The innocent Peppa Pig, who I had left untouched within my nostalgic childhood, came back as the incarnation of a disgusting monster with four unbalanced eyes on its face. Avid Peppa Pig fans, in their earnesty to see Peppa Pig from an angle other than her side profile, had come across a traumatizing creepypasta.
In an attempt to rekindle my love for the poor pig, I opened YouTube again. I went to the episodes I had watched in my childhood and tried to erase the disgusting image from my head. Throughout the comments, however, were little voices like flies, who couldn’t stop talking about the demonic creature.
“Did you guys see Peppa Pig’s real face LOL,” they said.

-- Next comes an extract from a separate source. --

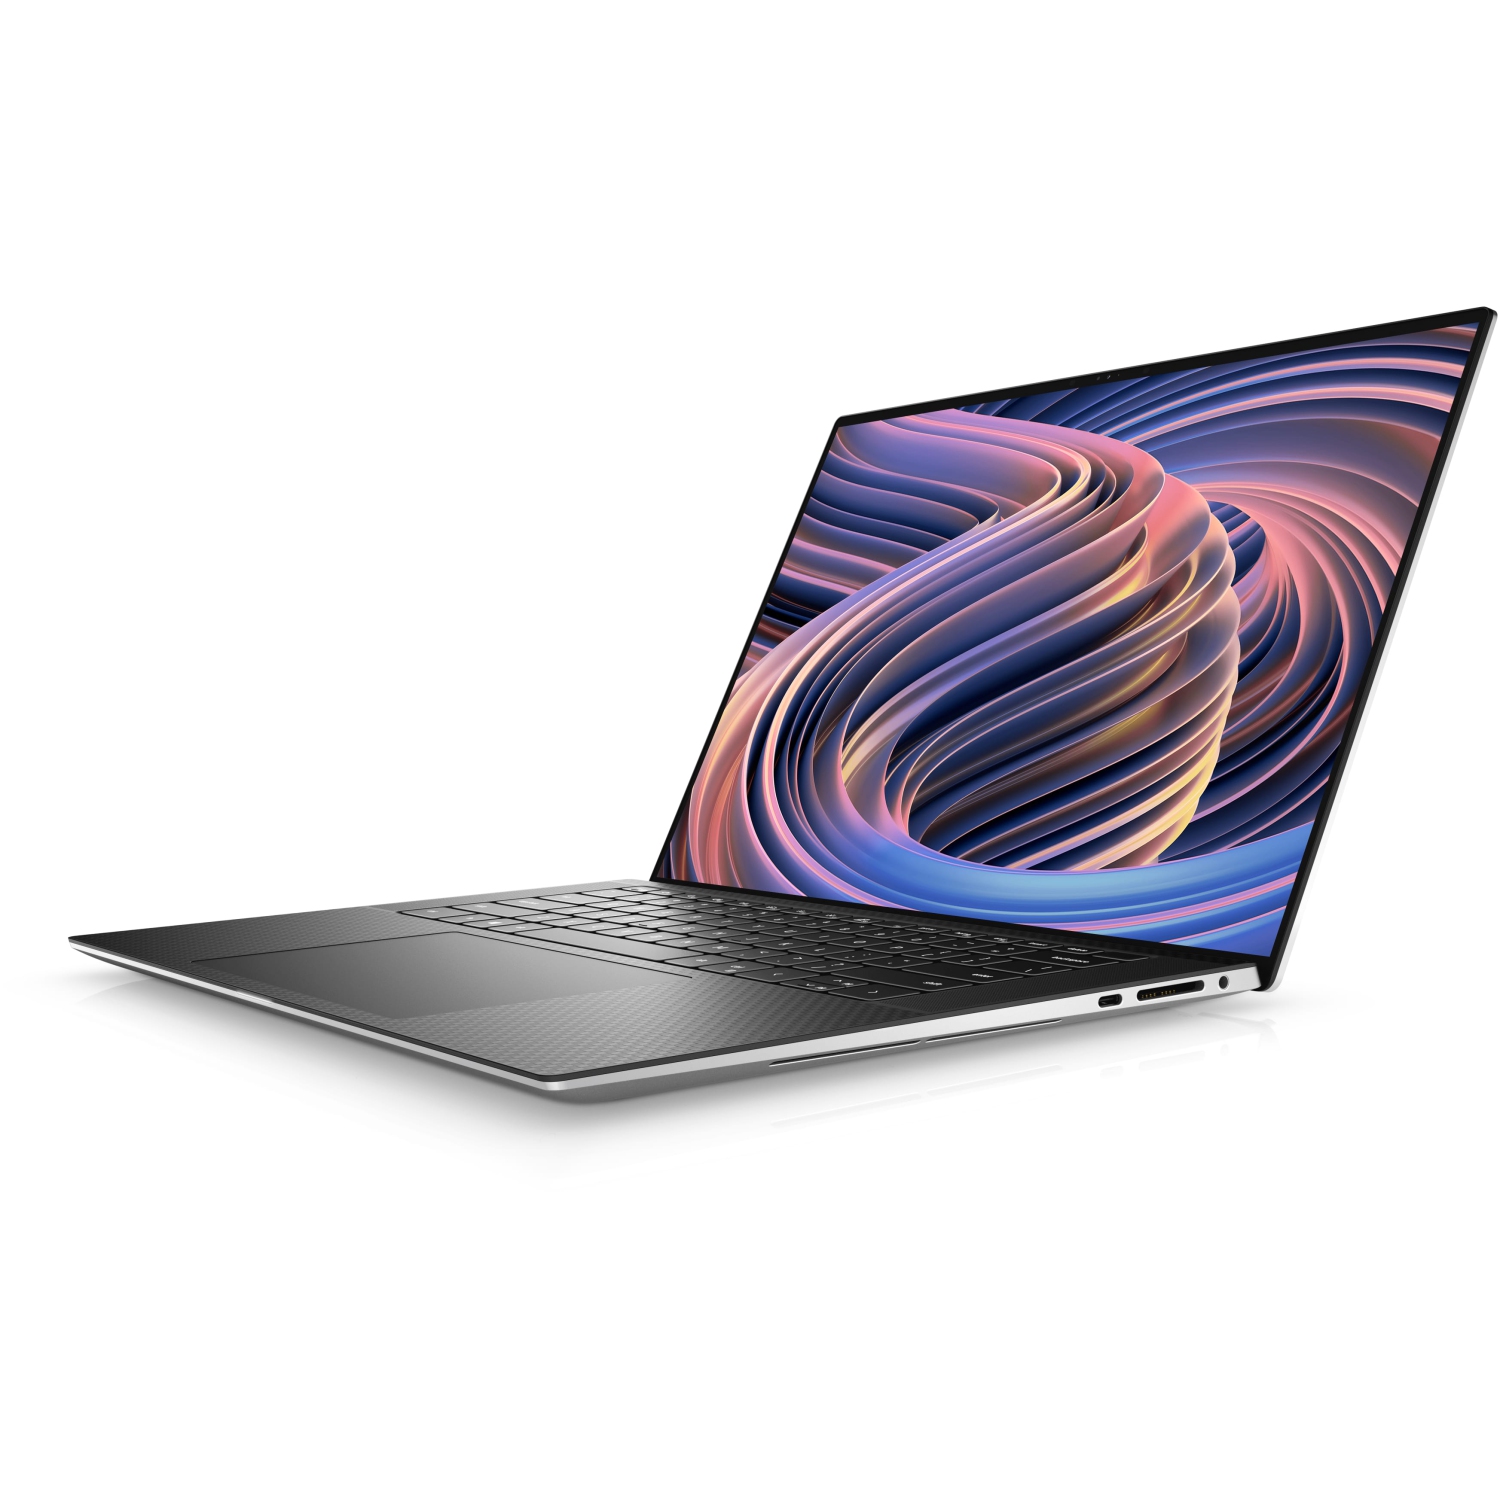 Refurbished (Excellent) – Dell XPS 9520 Laptop (2022) | 15.6" FHD+ | Core i7 - 512GB SSD - 16GB RAM - RTX 3050 | 14 Cores @ 4.7 GHz - 12th Gen CPU

I rewatched another Peppa Pig episode a month ago — and sure enough — the cursed image of four-eyed pig would not leave my mind. With her uneven eyes too far in the back of her head, I could not shake off a queasy feeling.
What disturbs me most about this meme, however, was the fact that Peppa Pig’s side profile was enough to instigate someone to conjure up a cursed image of her front profile. Peppa Pig’s target audience would be too young to edit the photo as accurately as the creator of the meme did, which means there must have been some sort of teen or grownup who was rewatching the show and decided to bring her two-dimensional model to 3-D life.
Instead of turning TV show characters from eight years ago into little demons, people should dilly dally with their tomfoolery elsewhere (my week, needless to say, was ruined).